Here, we report a phylogenetic analysis of members of the ParA and ParB families. We also show that the ParAB partitioning mechanisms on chromosomes and plasmids may have evolved from an ancient one. To support this possibility, we also demonstrate that B. subtilis Soj and Spo0J proteins and a parS site can carry out accurate segregation of plasmids in E. coli cells.

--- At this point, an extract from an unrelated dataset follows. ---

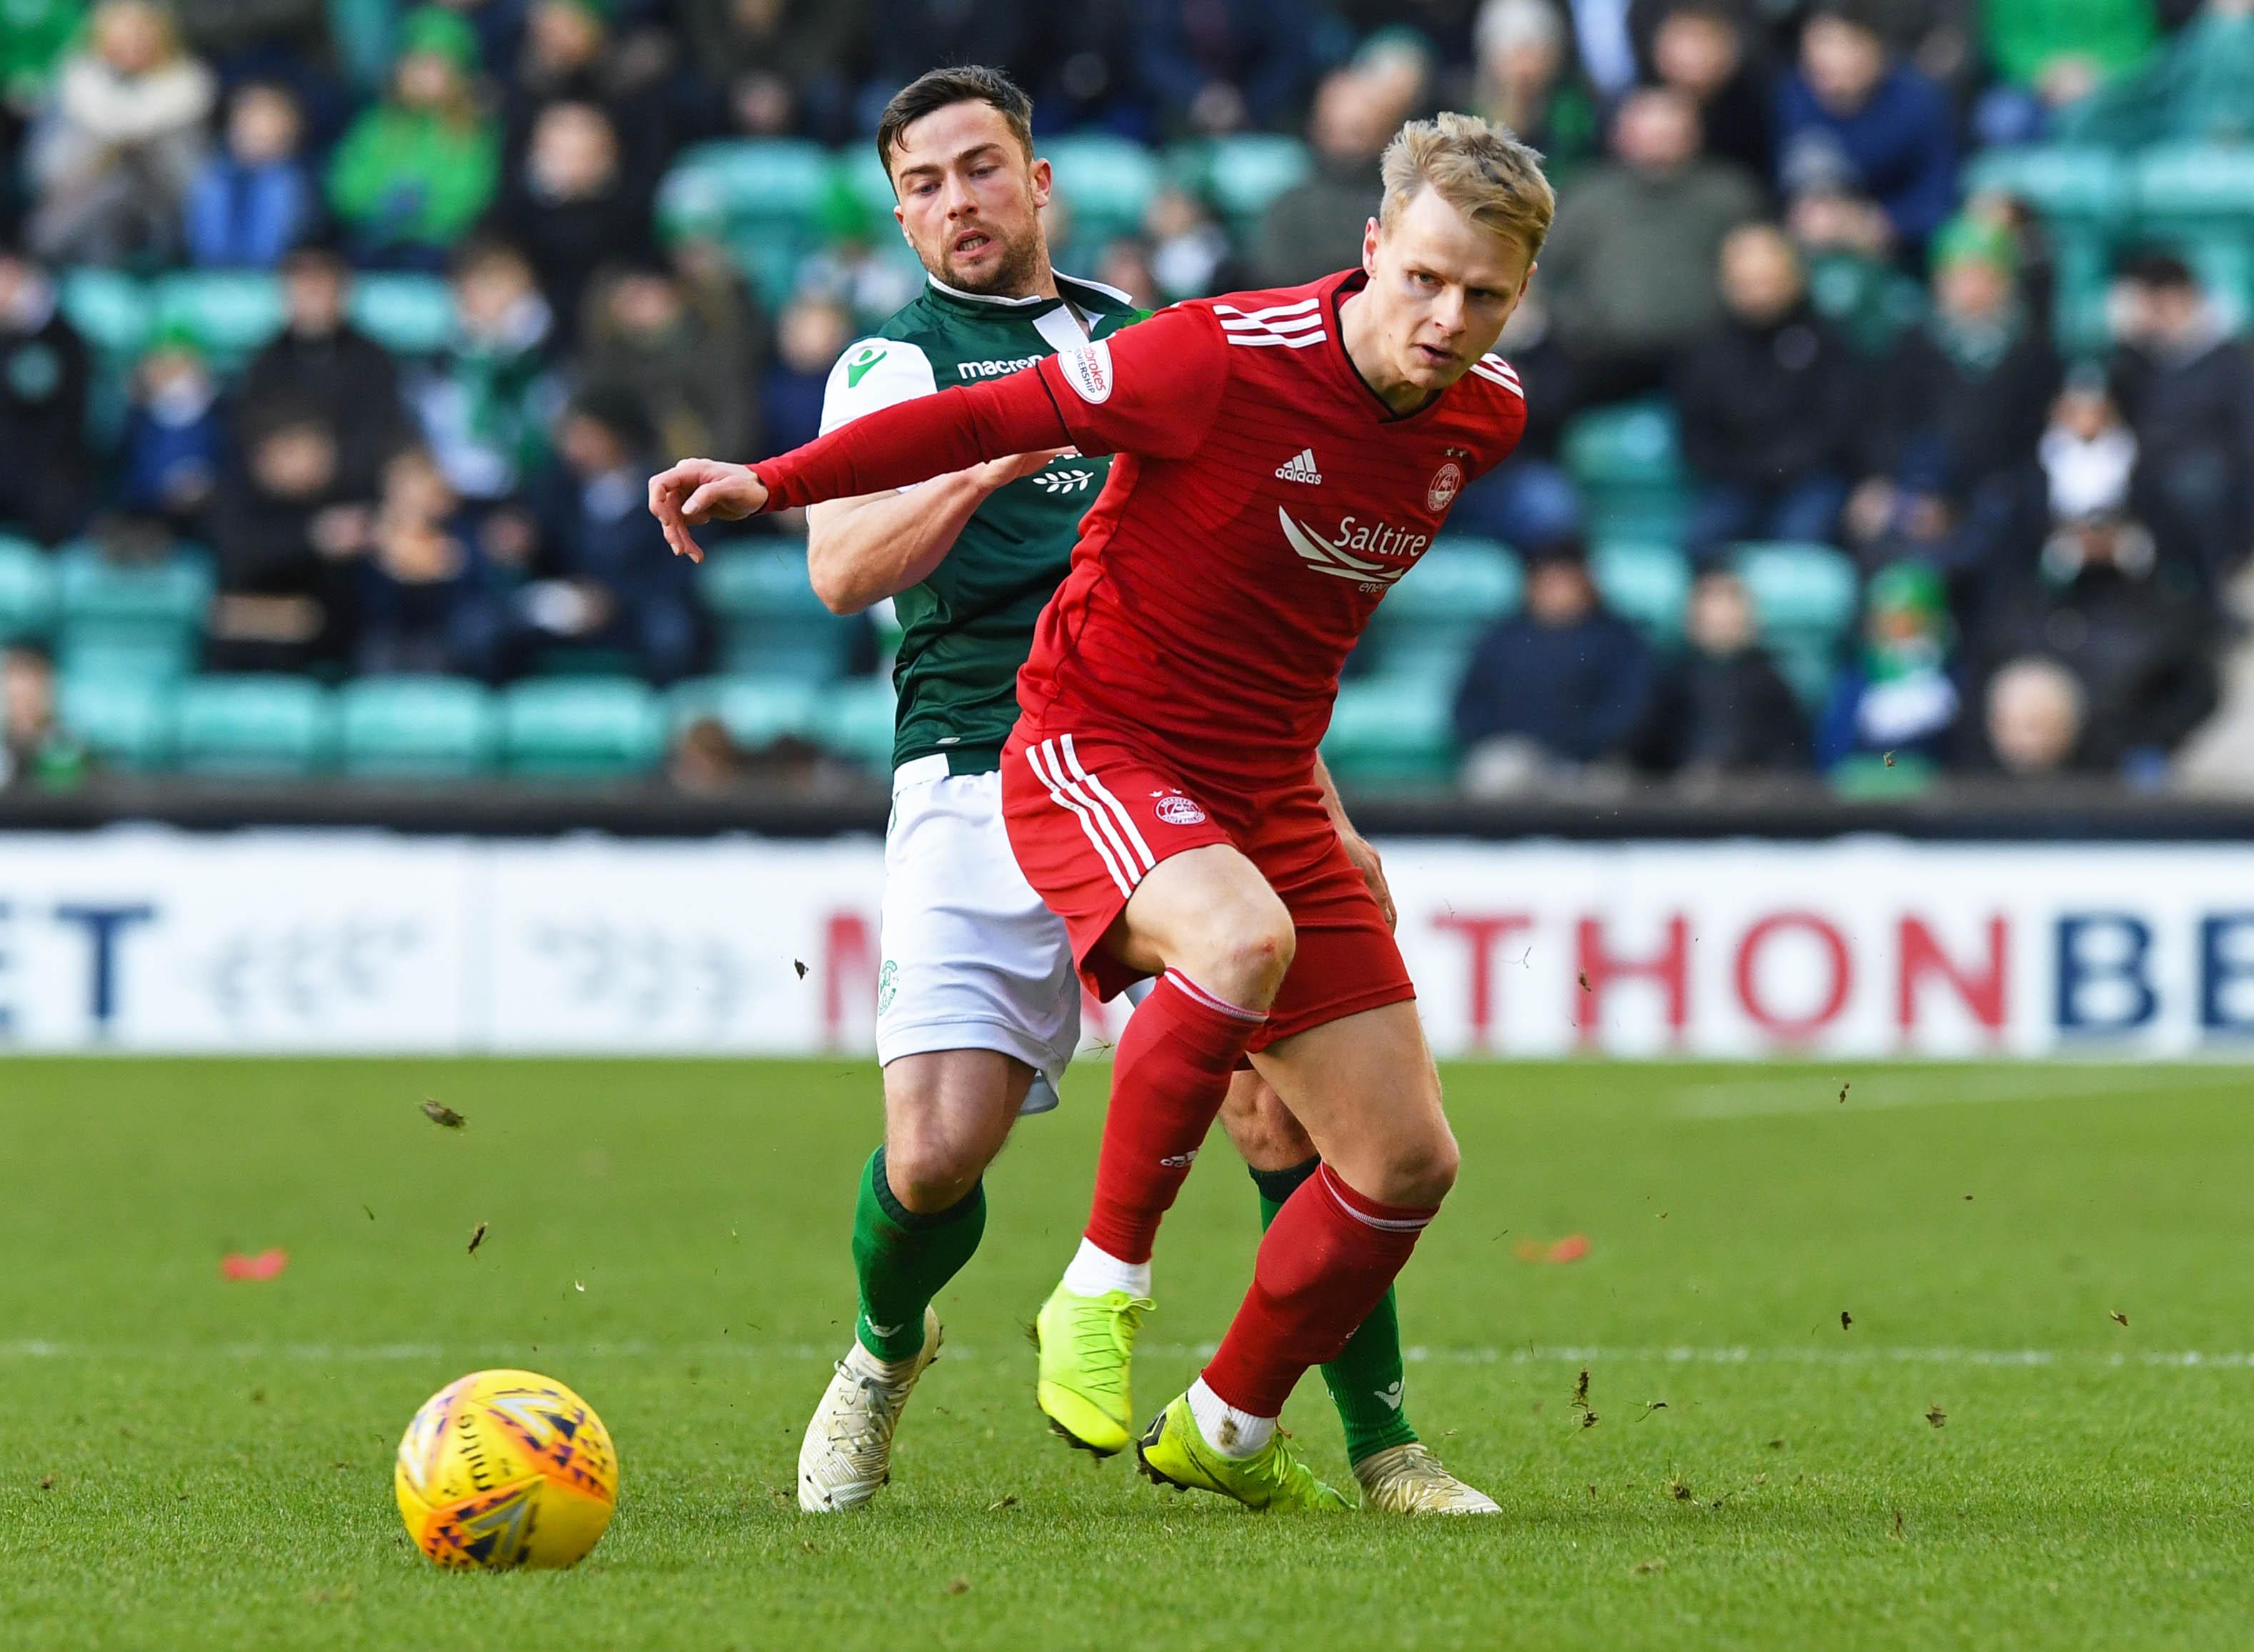 Aberdeen's Gary Mackay-Steven in action with Hibernian's Lewis Stevenson.

These findings indicate that host components involved in plasmid partitioning are highly conserved between Gram-negative and Gram-positive bacteria.
Materials and Methods
Bacterial Strains and Culture.
CSH50 [ara, Δ(lac-pro), strA, thi] (20) cells harboring miniF plasmids were grown in LB with 20 μg/ml ampicillin at 37°C, and cells in mid-log phase were transferred to nonselective LB without ampicillin at zero time. After 6 and 12 h, an aliquot of cells was spread on LB plates. To determine the percentage of cells containing plasmids that have an ampicillin-resistant gene (bla), 300 colonies that had grown on the plate were streaked on LB plates containing 20 μg/ml ampicillin. Generation time (doubling time) was determined by turbidity of cultures.
Plasmid Construction.
The plasmid pUC25E contains a B. subtilis chromosomal DNA segment including the soj and spo0J-parS genes. After digestion of pUC25E by EcoRI, the digested fragment including the soj and spo0J-parS genes was inserted into the miniF plasmid pXX705 (2) at EcoRI sites, resulting in pXX762. A Spo0J-binding sequence, parS (TGTTTCACGTGAAACA) (14), was synthesized as the parS DNA fragment (49 bp) with BamHl sites at both ends. The parS DNA fragment was inserted into pXX762 and pXX705 at BamHI sites, resulting in pXX765 and pXX764, respectively. Plasmid pXX762 was digested with EcoRI to delete the DNA fragment including soj and spo0J-parS. Digested DNA fragments were circularized by self ligation, resulting in pXX766.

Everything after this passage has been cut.